GIVEN INFORMATION:
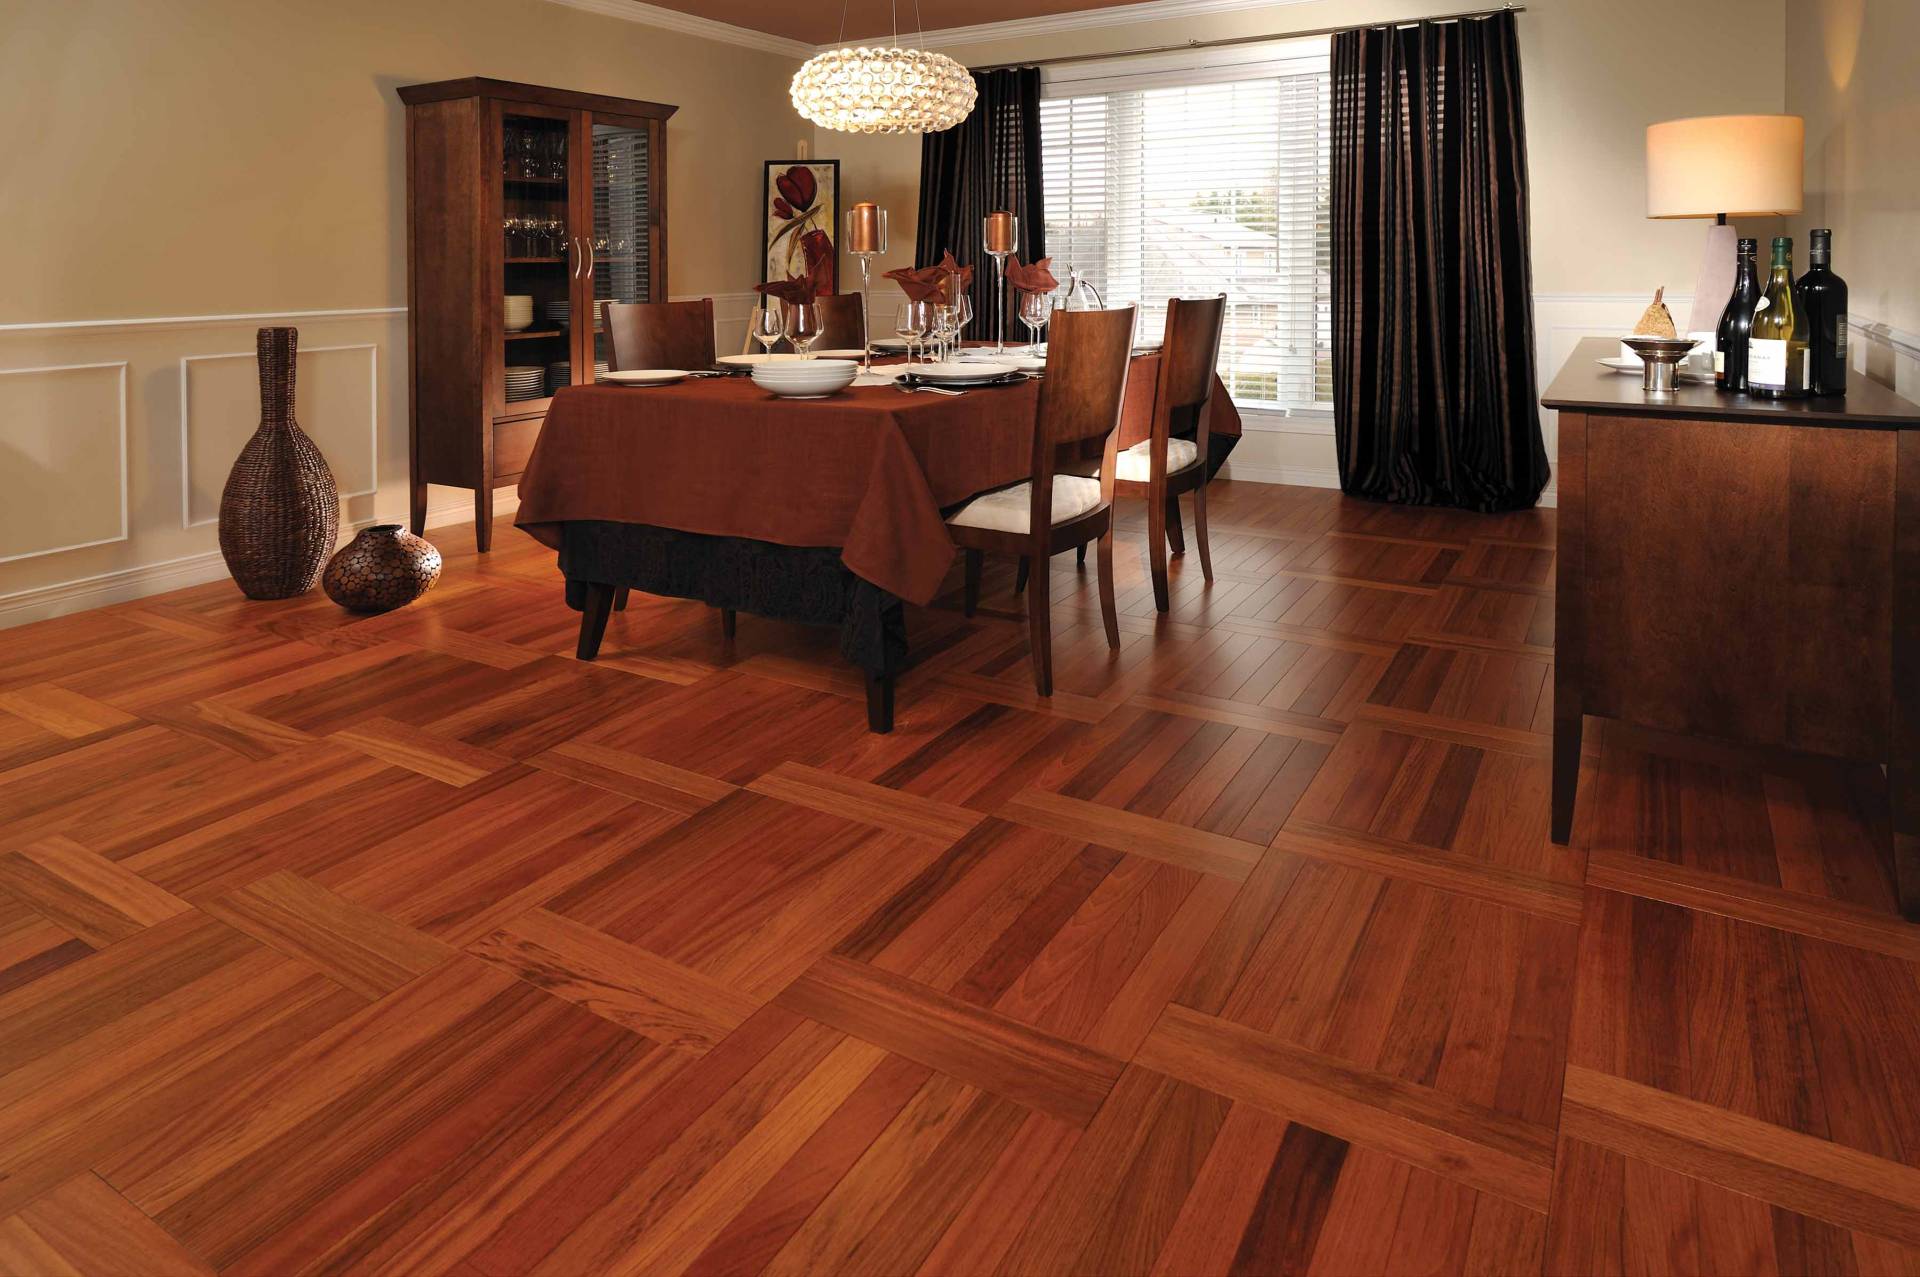 25 Great Examples Of Laminate Hardwood Flooring - Interior Design ...
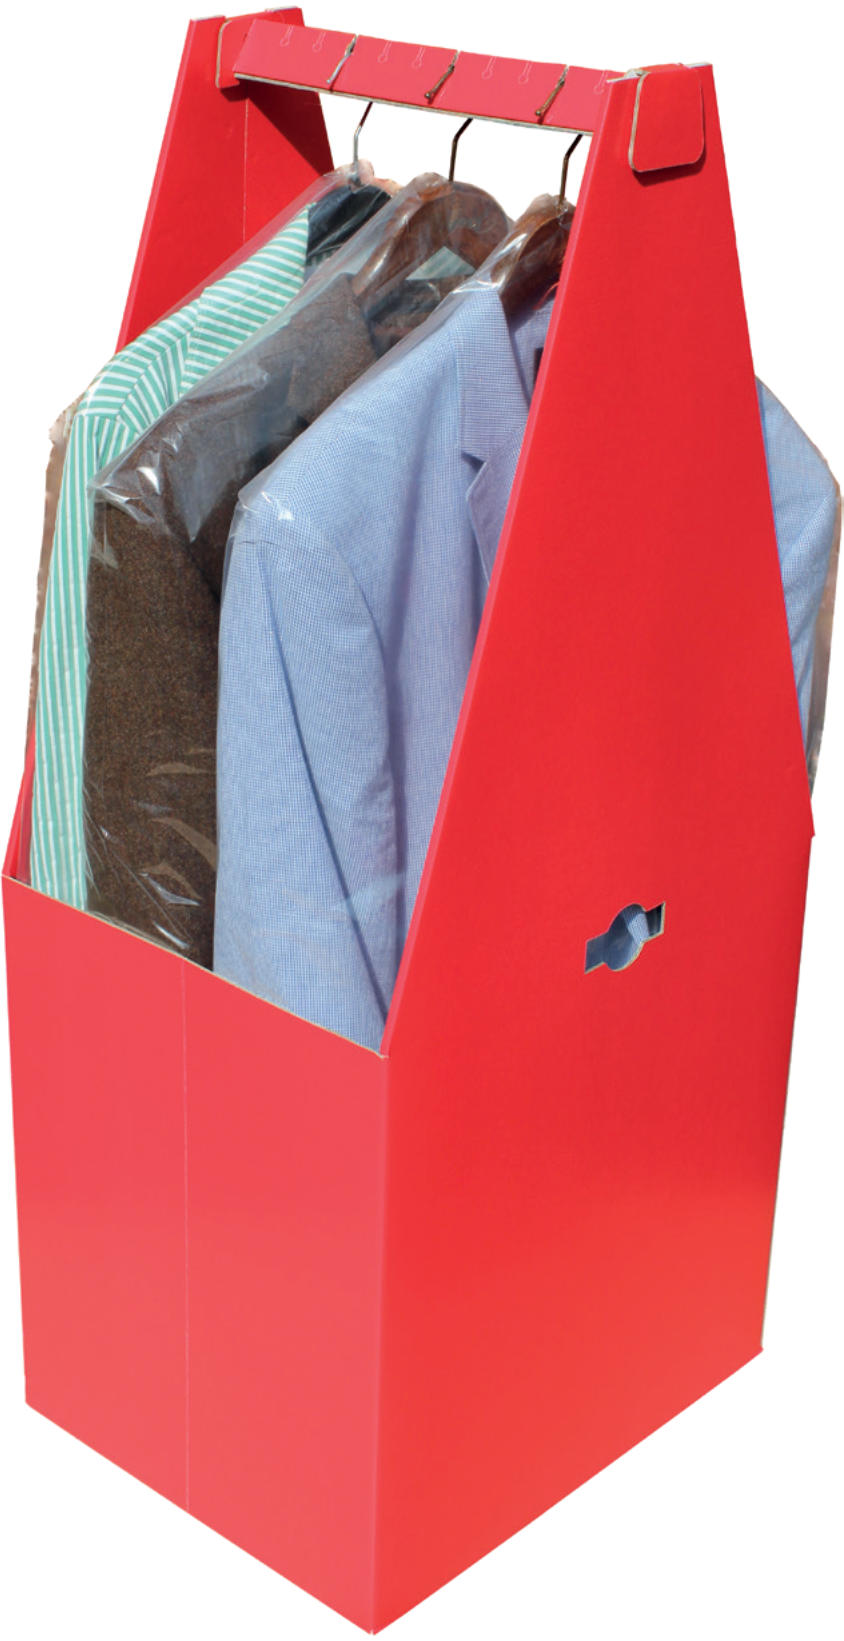 Transportverpackung für hängende Kleidung - Kleiderbox
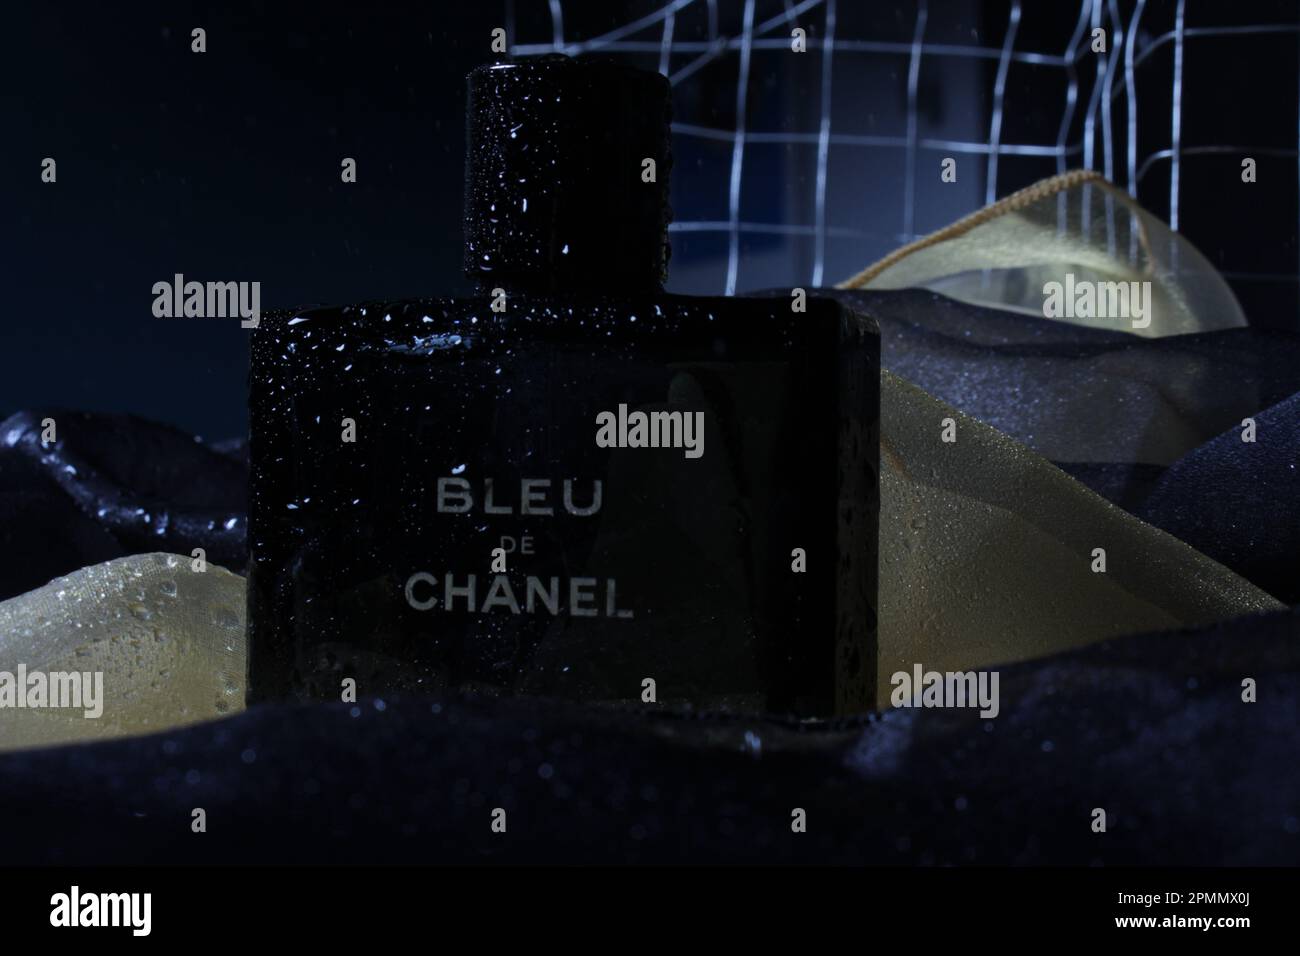 Bleu De Chanel Stock Photos - Free & Royalty-Free Stock Photos from  Dreamstime
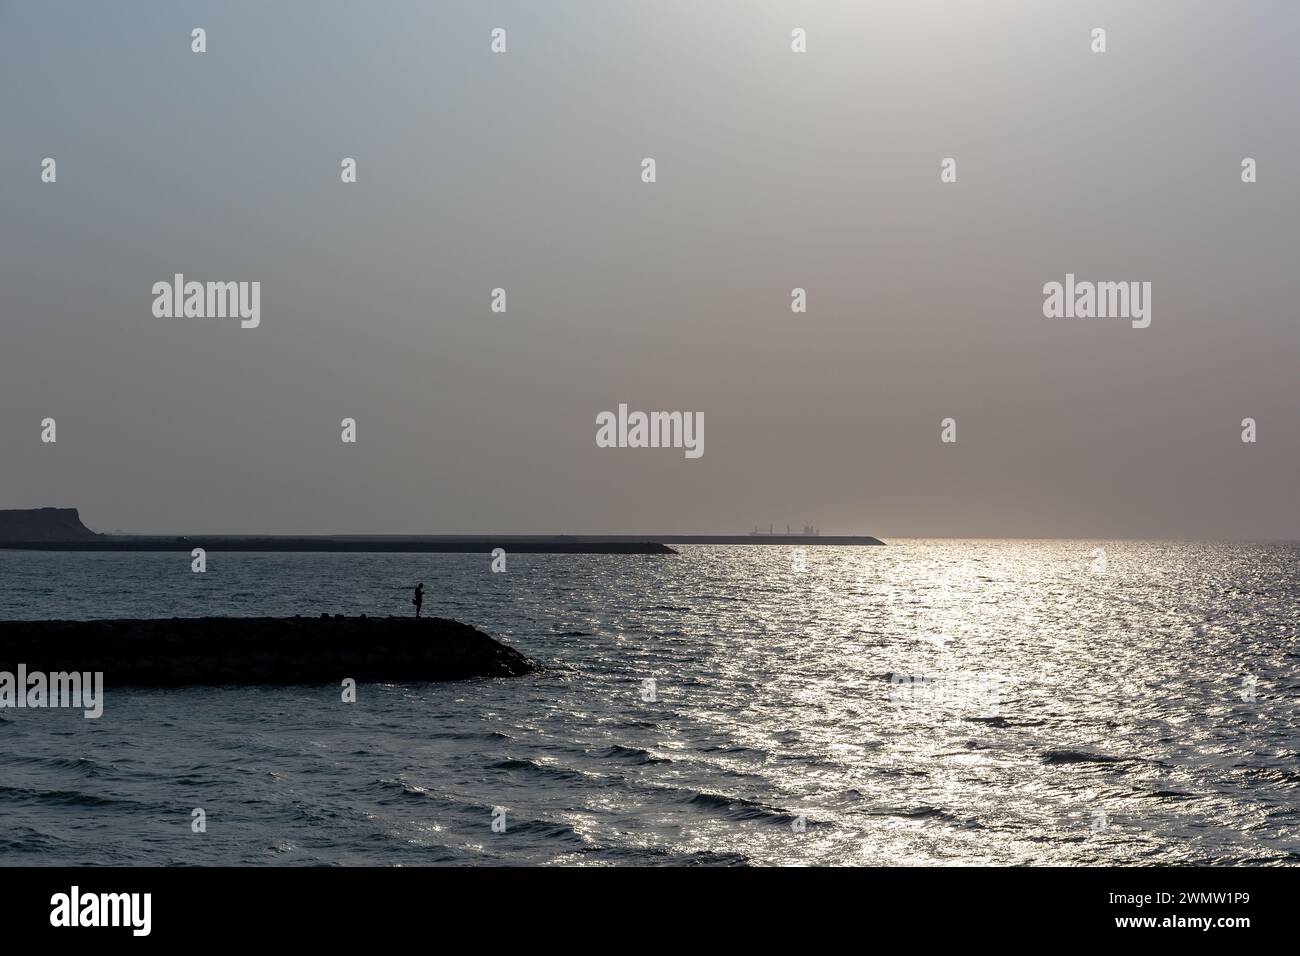 Sagome di frangiflutti di pietra con una persona in piedi alla fine con una dura luce solare che si riflette nelle onde del Golfo, la spiaggia di al Hamriyah negli Emirati Arabi Uniti. Foto Stock

PROBLEM REQUIREMENTS: Retype the lines starting with the one that holds "Transportverpackung für hängende" and ending with the last line of the data above, both included; skip the pictures.

TASK SOLUTION:
 Transportverpackung für hängende Kleidung - Kleiderbox
 Bleu De Chanel Stock Photos - Free & Royalty-Free Stock Photos from  Dreamstime
 Sagome di frangiflutti di pietra con una persona in piedi alla fine con una dura luce solare che si riflette nelle onde del Golfo, la spiaggia di al Hamriyah negli Emirati Arabi Uniti. Foto Stock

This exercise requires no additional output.